The Ascendance of nftables

The Sun sets on iptables (image by fdecomite, CC BY 2.0)

iptables is the default Linux firewall and packet manipulation tool. If you’ve ever been responsible for a Linux machine (aside from an Android phone perhaps) then you’ve had to touch iptables. It works, but that’s about the best thing anyone can say about it.

At Red Hat we’ve been working hard to replace iptables with its successor: nftables. Which has actually been around for years but for various reasons was unable to completely replace iptables.  Until now.

What’s Wrong With iptables?

iptables is slow. It processes rules linearly which was fine in the days of 10/100Mbit ethernet. But we can do better, and nftables does; it uses maps and concatenations to touch packets as little as possible for a given action.

Most of nftables’ intelligence is in the userland tools rather than the kernel, reducing the possibility for downtime due to kernel bugs. iptables puts most of its logic in the kernel and you can guess where that leads.

When adding or updating even a single rule, iptables must read the entire existing table from the kernel, make the change, and send the whole thing back. iptables also requires locking workarounds to prevent parallel processes from stomping on each other or returning errors. Updating an entire table requires some synchronization across all CPUs meaning the more CPUs you have, the longer it takes. These issues cause problems in container orchestration systems (like OpenShift and Kubernetes) where 100,000 rules and 15 second iptables-restore runs are not uncommon. nftables can update one or many rules without touching any of the others.

iptables requires duplicate rules for IPv4 and IPv6 packets and for multiple actions, which just makes the performance and maintenance problems worse. nftables allows the same rule to apply to both IPv4 and IPv6 and supports multiple actions in the same rule, keeping your ruleset small and simple.

If you’ve every had to log or debug iptables, you know how awful that can be. nftables allows logging and other actions in the same rule, saving you time, effort, and cirrhosis of the liver. It also provides the “nft monitor trace” command to watch how rules apply to live packets.

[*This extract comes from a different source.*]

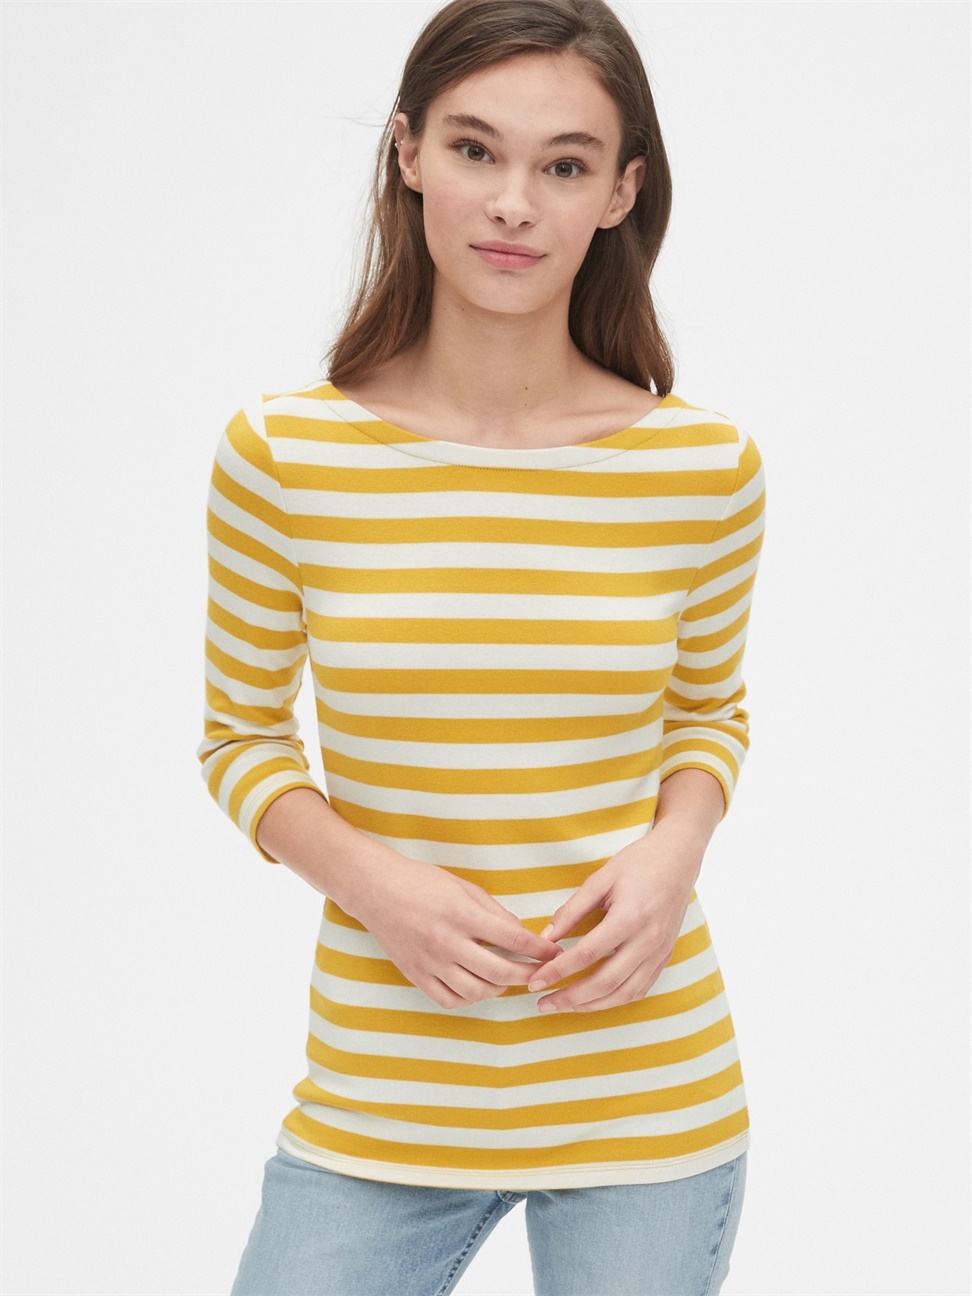 女裝|莫代爾條紋低露背七分袖T恤-黃色條紋

nftables also uses the same netlink API infrastructure as other modern kernel systems like /sbin/ip, the Wi-Fi stack, and others, so it’s easier to use in other programs without resorting to command-line parsing and execing random binaries.

Finally, nftables has integrated set support with consistent syntax rather than requiring a separate tool like ipset.

What about eBPF?

You might have heard that eBPF will replace everything and give everyone a unicorn. It might, if/when it gets enhancements for accountability, traceability, debuggability, auditability, and broad driver support for XDP. But nftables has been around for years and has most (all?) of these things today.

nftables Everywhere

I’d like to highlight the great work by members of my team to bring nftables over the finish line:

  • Phil Sutter is almost done with compat versions of arptables and ebtables and has been adding testcases everywhere. He also added a JSON interface to libnftables (much like /sbin/ip) for easier programmatic use which firewalld will use in the near future.
  • Eric Garver updated firewalld (the default firewall manager on Fedora, RHEL, and other distros) to use nftables by default. This change alone will seamlessly flip the nftables switch for countless users. It’s a huge deal.
  • Florian Westphal figured out how to make nftables and iptables NAT coexist in the kernel. He also fixed up the iptables compat commands and handles the upstream releases to make sure we can actually use this stuff.
  • And of course the upstream netfilter community!

Thanks iptables; it’s been a nice ride. But nftables is better.